What are the use cases it is designed for?

Message queues are like water pipes. Messages flow in the pipes to their destinations.

However, what if a flood comes? Of course, you can increase the number of partitions, add more brokers, restart, and watch the traffic level closely.

Sometimes the flood is expected. For example, backfill some old data in batch, and switch to online messages. You may want to ensure enough brokers to handle the data and reduce them later to cut cost.

SeaweedMQ is designed for use cases that need to:

  • Receive and save large number of messages.
  • Handle spike traffic automatically.

What is special about SeaweedMQ?

  • Separate computation and storage nodes to scale independently.
    • Unlimited storage space by adding volume servers.
    • Unlimited message brokers to handle incoming messages.
    • Offline messages can be operated as normal files.
  • Scale up and down with auto split and merge message topics.
    • Topics can automatically split into segments when traffic increases, and vice verse.
  • Pass messages by reference instead of copying.
    • Clients can optionally upload the messages first and just submit the references.
    • Drastically reduce the broker load.
  • Stateless brokers
    • All brokers are equal. One broker is dynamically picked as the leader.
    • Add brokers at any time.
    • Allow rolling restart brokers or remove brokers at a pace.

Design

How it works?

Brokers are just computation nodes without storage. When a broker starts, it reports itself to masters. Among all the brokers, one of them will be selected as the leader by the masters.

A topic needs to define its partition key on its messages.

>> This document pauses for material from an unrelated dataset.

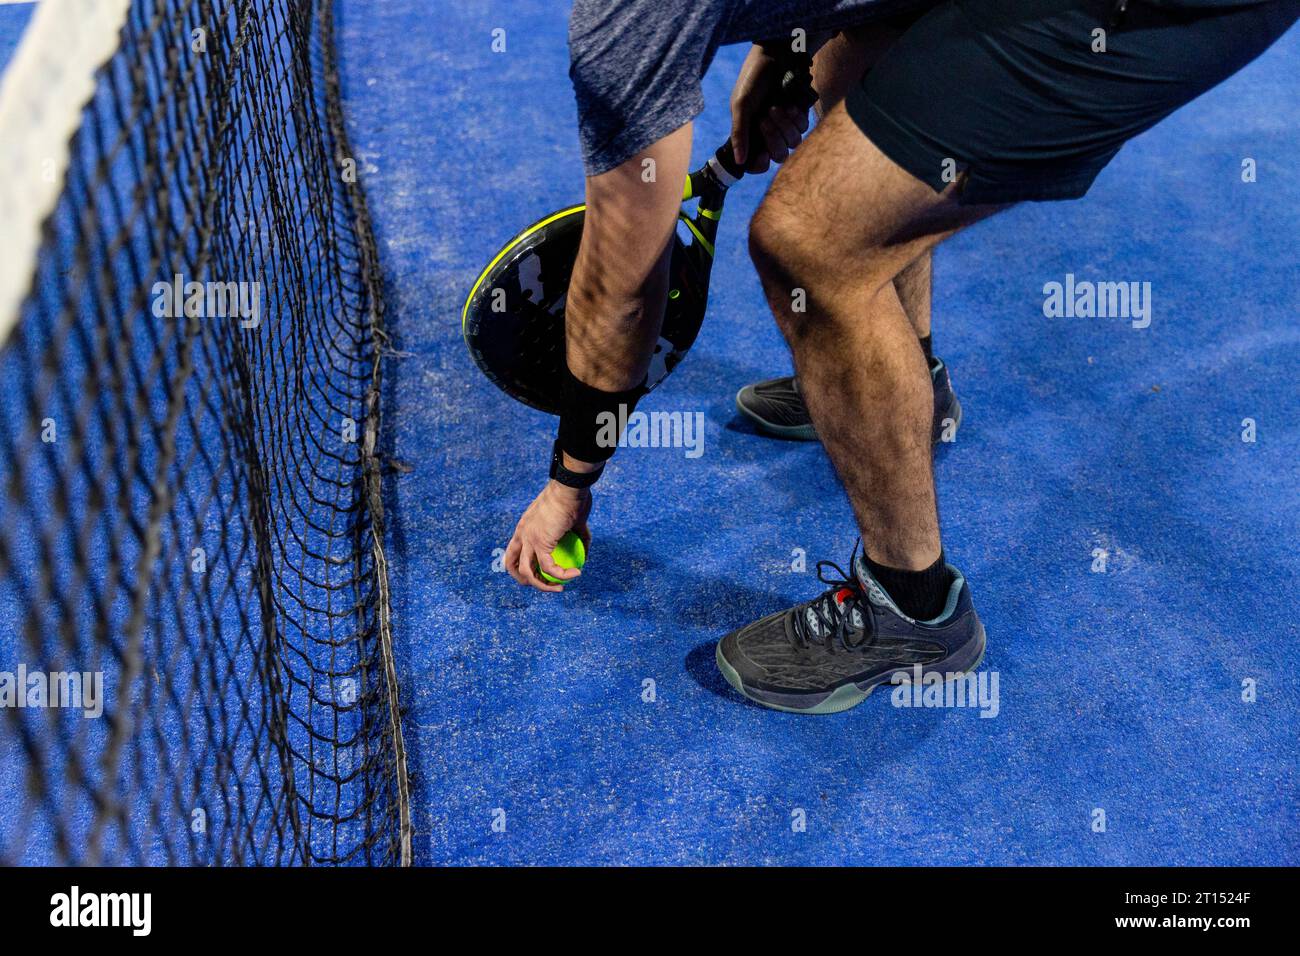 Man playing a padel game in a blue court with his racket Stock Photo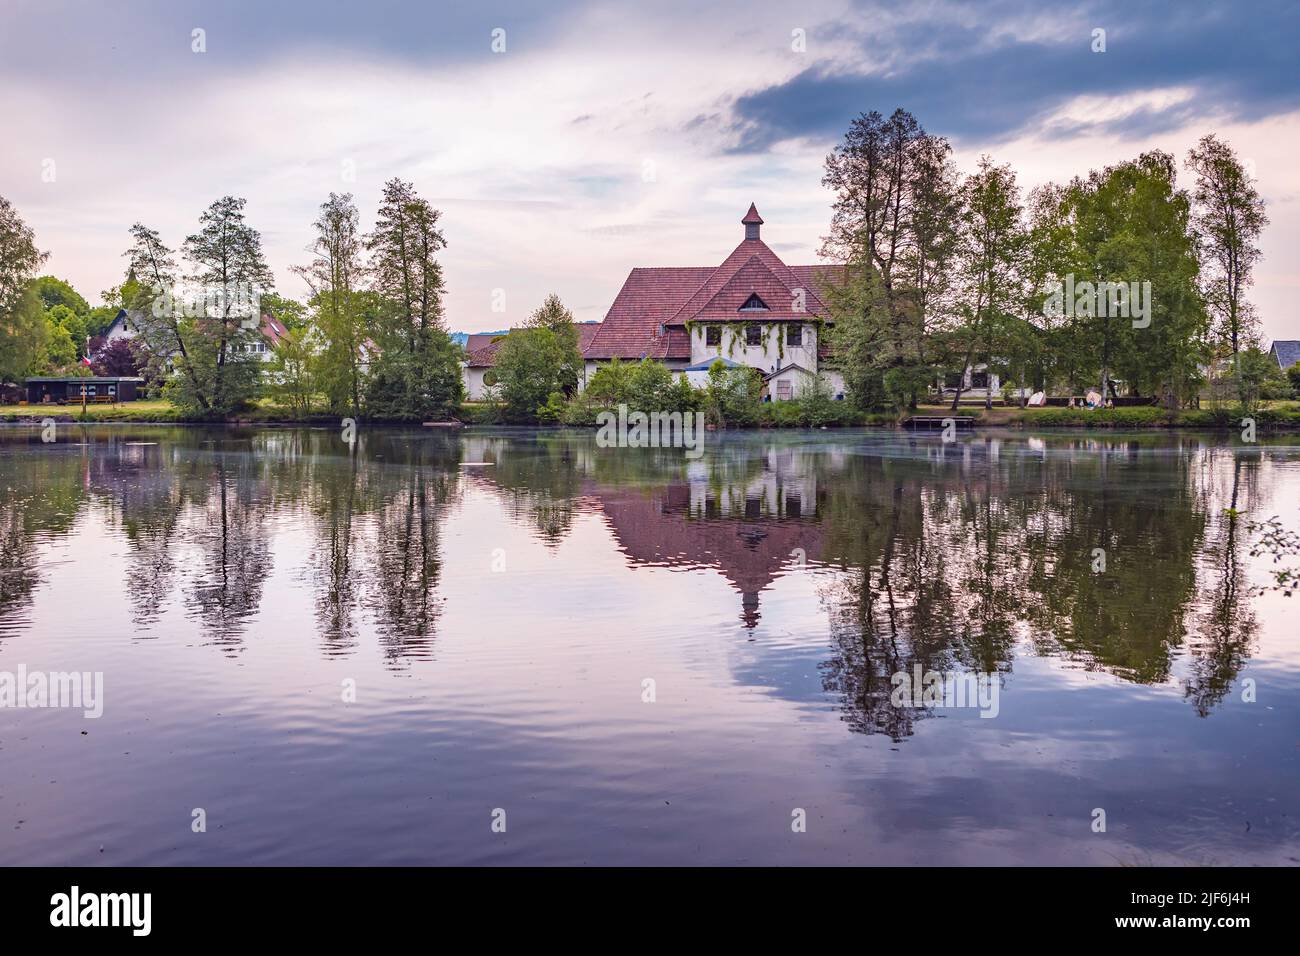 The Waldfriedensee lake of Neustadt bei Coburg town, Germany. Stock Photo

Messages for a topic are divided into segments. One segment can cover a range of partitions. A segment can be split into 2 segments, or 2 neighboring segments can be merged back to one segment.

During write time, the client will ask the broker leader for a few brokers to process the segment.

The broker leader will check whether the segment already has assigned the brokers. If not, select a few brokers based on their loads, save the selection into filer, and tell the client.

The client will write the messages for this segment to the selected brokers.

Failover

The broker leader does not contain any state. If it fails, the masters will select a different broker.

For a segment, if any one of the selected brokers is down, the remaining brokers should try to write received messages to the filer, and close the segment to the clients.

Then the clients should start a new segment. The masters should assign other healthy brokers to handle the new segment.

So any brokers can go down without losing data.

Auto Split or Merge

(The idea is learned from Pravega.)

The brokers should report its traffic load to the broker leader periodically.

If any segment has too much load, the broker leader will ask the brokers to tell the client to close current one and create two new segments.

If 2 neighboring segments have the combined load below average load per segment, the broker leader will ask the brokers to tell the client to close this 2 segments and create a new segment.